Files that are generated during the build process—for example, compiled binaries, minified scripts, or templated source files—should not be tracked. These can always be regenerated by running the build again. Excluding them keeps the repository lightweight and avoids unnecessary versioning of transient data.

What to Always Add

The most important items to include in Git are those required to reproduce your results.

Source Code

All project source files should be version controlled. For a Python project, this includes .py files, Jupyter notebooks, and any supporting files such as pyproject.toml or requirements.txt.

Configuration Files

Configuration files for builds, simulations, or development tools are often overlooked but essential. Tracking these ensures that other contributors—or your future self—can reproduce results consistently and reliably.

In summary, commit everything that is essential for recreating your work, and exclude anything that can be regenerated, derived, or stored more efficiently elsewhere.

When Rules Conflict

Certain cases naturally blur the lines.

For example, while binary files are generally discouraged, images used in documentation are often acceptable. Images can convey information that is difficult to express in text and typically do not change frequently. This repository is an example of when adding PNGs and gifs is more acceptable. (It still isn’t great though…)

Similarly, while large files should not normally be stored in Git, there may be situations where they are necessary for reproducibility. In these cases, it is best to use dedicated tools or external storage solutions while keeping references within the repository.

Useful Tools

.gitignore

A gitignore file specifies intentionally untracked files that Git should ignore. This can help to prevent accidentally adding files that should not be in git from being added to the git repository.

If you’re looking for language-specific templates, this repository has templates which you can download and use for your project.

gitignore demo

Pre-commit

Pre-commit is a framework for managing and maintaining multi-language pre-commit hooks. Git hook scripts are useful for identifying simple issues before submission to code review.

Version Control for Data

For more details, check out The Turing Way’s Guide on Version Control for Data

Slide on version control for data

Demos

If you’re looking for a more visual demonstration of how these git (and more) commands work, check out this fantastic visual simulator of your Git commands!.

What happens when a tracked file is edited?

Editing a tracked file

What happens when an untracked file is edited?

Editing an untracked file

Does restoring staged changes lose all the changes?

Thankfully, it doesn’t!

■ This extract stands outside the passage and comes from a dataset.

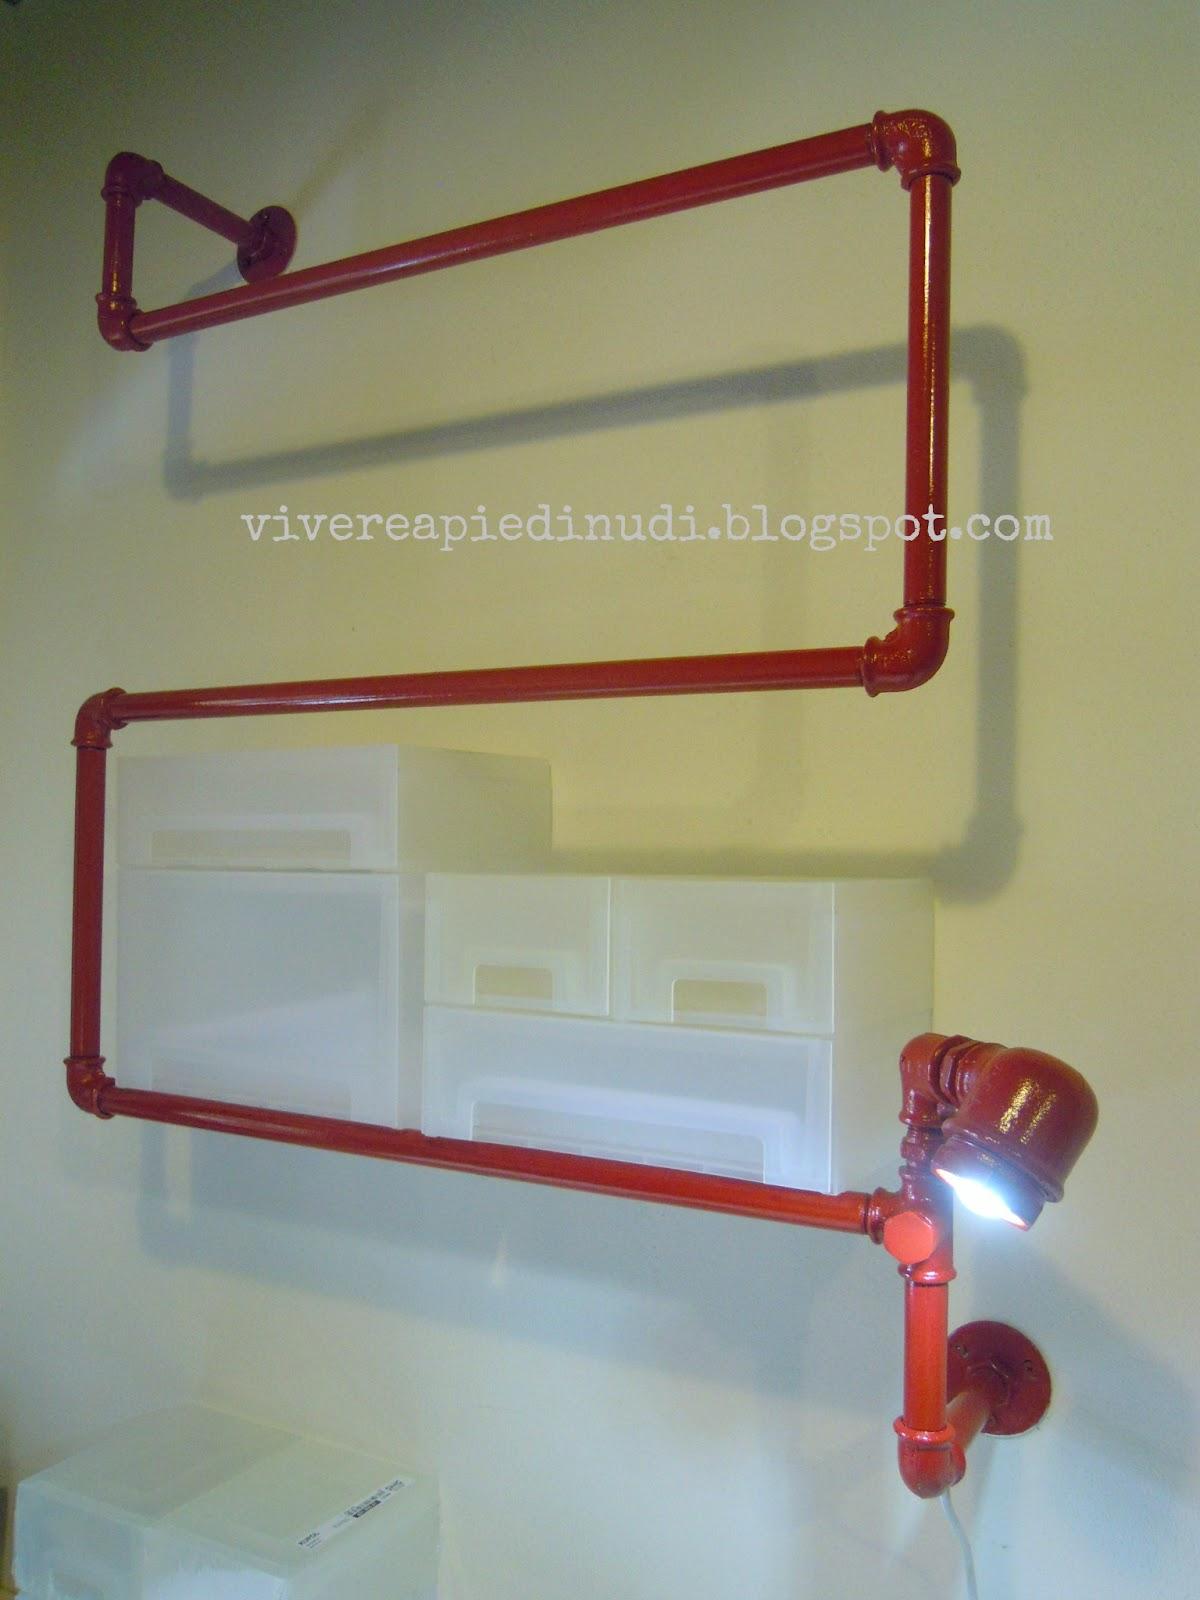 Lampade con tubi idraulici ry03 regardsdefemmes for Planimetrie da 1200 piedi quadrati

It just removes the changes from the staging area.

This demo show what happens when the file is untracked,

restore staged changes untracked

And this is what happens when the file is tracked,

restore staged changes tracked

How do I make a commit?

The demo shows how to make a commit while being confident that only the changes you want are committed.

making a commit

Commit Messages - A Time Machine into the Past

Skeleton for Effective Commit Messages

I highly recommend checking out this website which is where the content in the slides below were adapted from.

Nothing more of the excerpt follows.